Africa loved Obama, and had high hopes in his ascent, seeing him as something of an adopted son, if not quite a native one. Yet Obama has never really taken an interest in Africa’s priorities.

While China has been spreading investment, trade, and influence far and wide across the continent, Obama has pulled America back on the world stage, Africa included.

His one major intervention was the war in Libya, where his failure to follow up with a serious rebuilding effort allowed the spread of terror across North Africa and the Sahel, including Boko Haram.

Obama has shown little love for the great causes of democracy and human rights, in Africa as elsewhere. Almost exactly a year ago, Obama hosted some of Africa’s worst dictators at the White House during his U.S.-Africa Summit. They posed proudly for pictures with Obama, no doubt projecting those images back home as proof that their regimes had America’s stamp of approval.
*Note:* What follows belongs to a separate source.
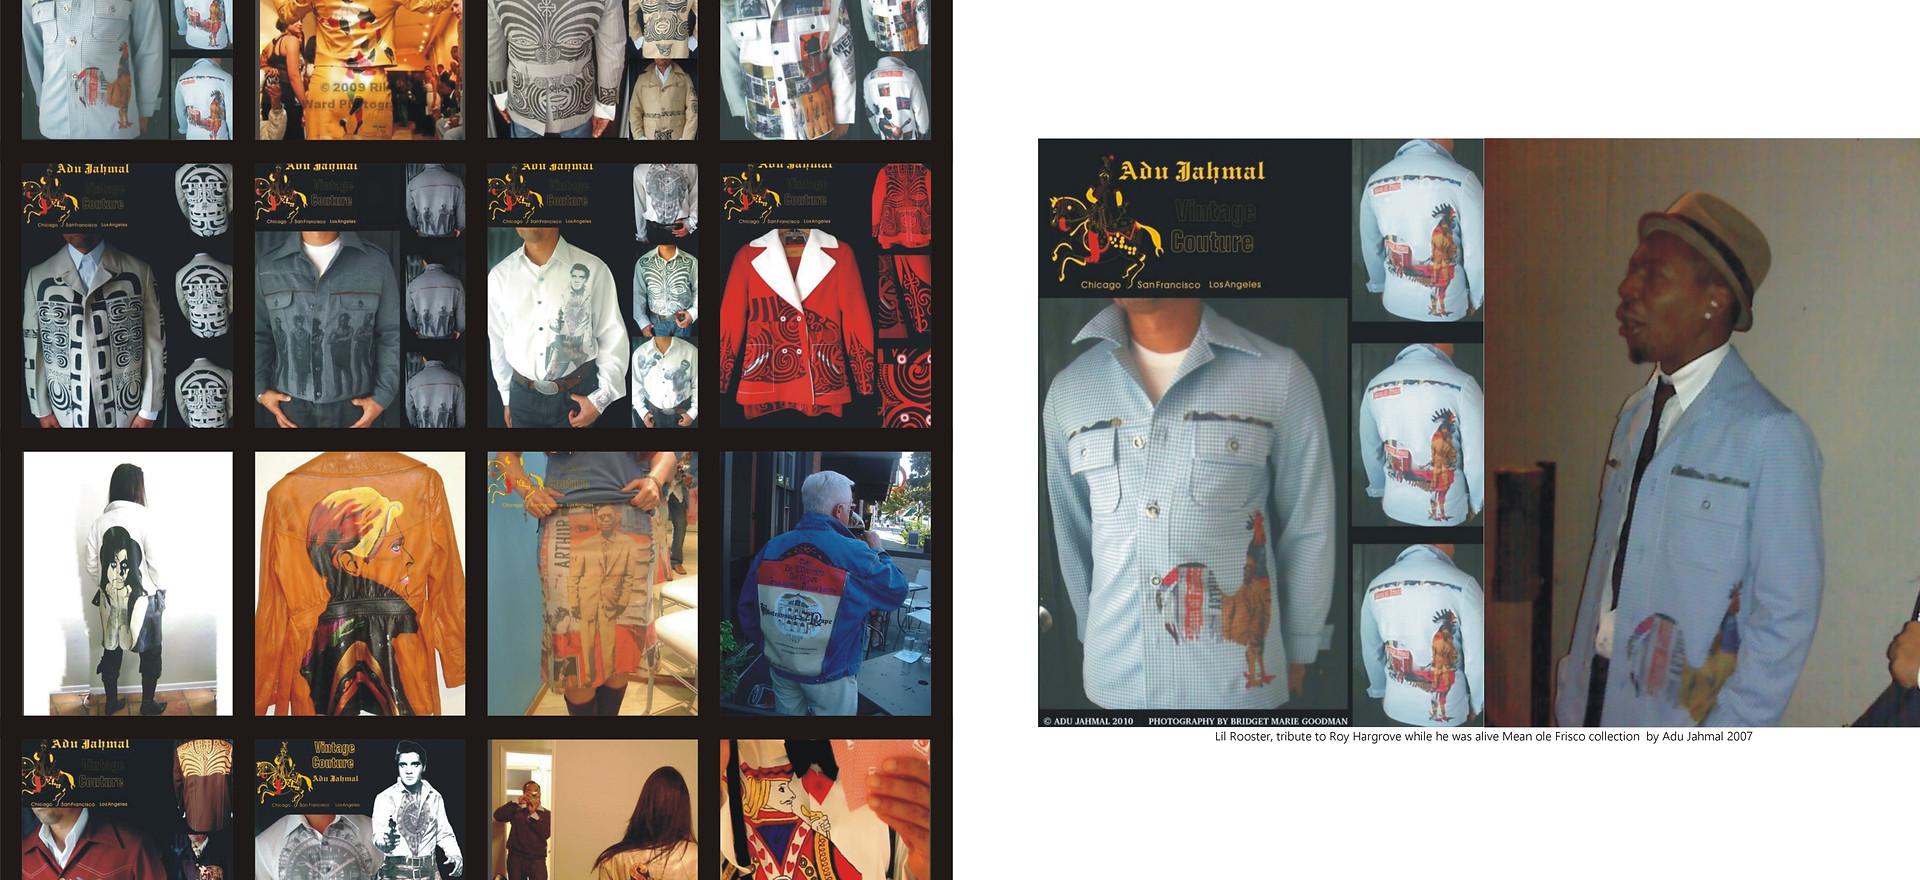 LA RocknRoll Jackets

In Egypt, prior to the Arab Spring, Obama cut funds for promoting democracy; later, he embraced the Muslim Brotherhood rather than Egypt’s struggling liberal democrats.

The only cause that Obama has taken–somewhat–on the road in Africa is gay rights, which has triggered outrage in Kenya and elsewhere, as it conflicts sharply with Africa’s conservative social mores.

The U.S. media are focusing on Obama’s first trip “home” as president, which will no doubt produce some nostalgic and even touching moments. The story of the Obama family is tinged with both sadness and greatness.

Yet as far as Africa is concerned, Obama has “lost” it to the Chinese, missing a unique opportunity. The next president will do better–by default.